I had great intentions of writing out a schedule for myself — a strict schedule — and making plans and sucking the marrow out of the experience.  It’s very hard to suck out the marrow if you’re spending half of your time discombobulated.  You can suck much more marrow out of an event if you walk in with purpose.  I think.

I read a lot of posts these past few weeks of people planning out their clothing and getting manicures and generally becoming well-groomed.  I did not purchase new clothing.  I never get a manicure anymore because my nails are of two different lengths for guitar (non-existent on my left hand and medium-length and a little scuffed on my right).  I did not groom myself except to shave my legs and that was so I didn’t mortify myself at the pool earlier in the week.  I feel a little like Missy Wallflower, going to the dance in a dress she made out of old curtains while all the other girls are blond and sleek and dressed to the nines.
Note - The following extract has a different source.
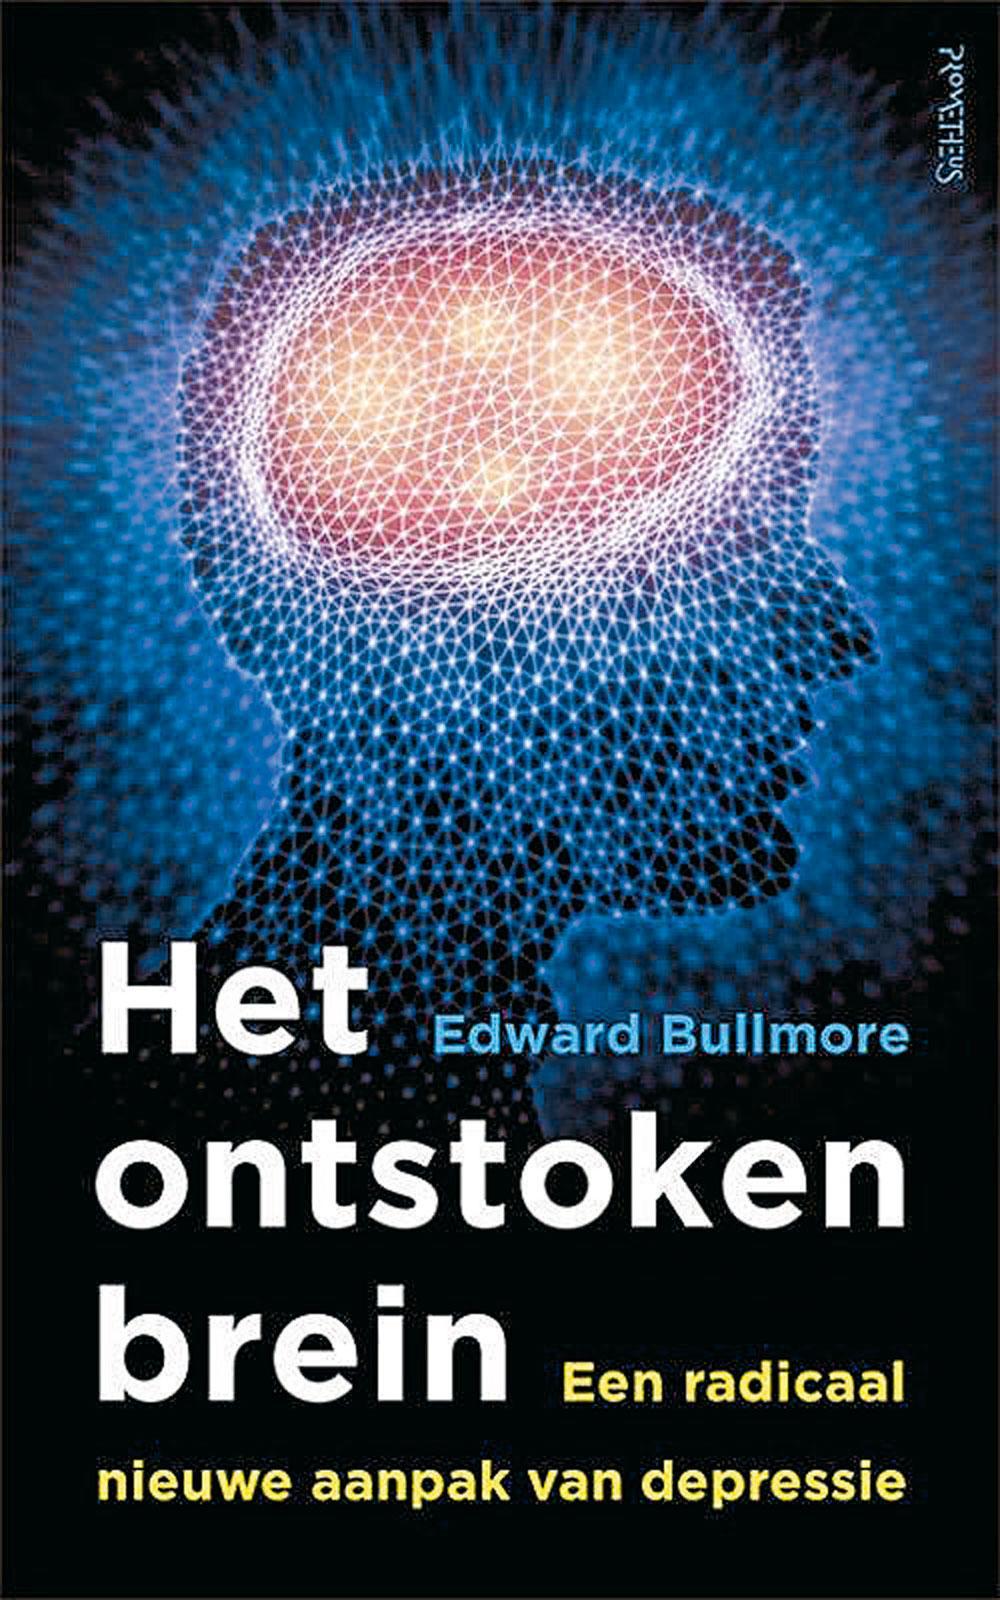 Edward Bullmore, Het ontstoken brein, Een radicaal nieuwe aanpak van depressie, Prometheus, 286 blz., 21,99 euro.

I’d like you to picture me, for a moment, in old curtains.

I seem to be going into BlogHer goal-less.  Without a clear purpose beyond Thursday afternoon when my Pathfinder Day presentation ends.  I mean, I want to meet people — but that’s sort of an amorphous goal.  I plan to sort of just drop into conversations with new people and find new blogs to read.  There are panels that sound interesting, but I don’t have a highlighted schedule yet as I did the first two years I went.  Other people seem to know exactly what they want to do, exactly where they want to go, exactly who they want to meet.  They have signed up for exciting opportunities outside of the walls of the hotel.  I have not.  I just want to see my friends and make a few new ones.  But that doesn’t sound like it falls into the realm of “enough” when you hear what other people have scheduled into their trip.

I have come to realize, as of late, that I tend to lack purpose.  My guitar teacher asked me what I wanted to learn and my only answer was… guitar.  I have no goals with guitar, no songs I desperately want to learn.  I am happy playing whatever comes up.  I’m happy achieving whatever I achieve.

The same attitude has followed me through much of life.  I am not a competitive person, and sometimes that comes out as a lack of ambition.  I have had three major ambitions in life post graduate school and they mostly make me sound like a 1950’s housewife: I wanted to get married to someone great.  I wanted to have children.  I wanted to publish a book.

I’ve had smaller ambitions since then.  It was my goal to be the room mother at the twins’ school.  I made a beeline for the sign-up sheet, forgoing being social with any of the other parents milling about.  While they were chatting, I was triumphantly signing my name to the sheet.  I felt like I had just won a 10K.  It was also my ambition to hit #1 on the Kindle list with Life from Scratch, but that hasn’t happened yet.  You win some, you lose some.

Perhaps the problem with achieving your major goals is that it can make you complacent elsewhere.  When I was single, I was hungry to make relationships work.  I’m lucky now that this relationship works on its own because if I had to guide it, we’d be lost.  When I was doing treatments for the first time, I had this amazing drive, able to push myself into doing anything.  I’m not sure where that drive went because I certainly haven’t poured it into something other than family building.  I think a lot of us do well with the lead-up and then flounder with the happily-ever-after.  How many posts have you read that ask “now what?”  Anne Lamott beautifully covered this phenomenon in the writing world in her book, Bird by Bird.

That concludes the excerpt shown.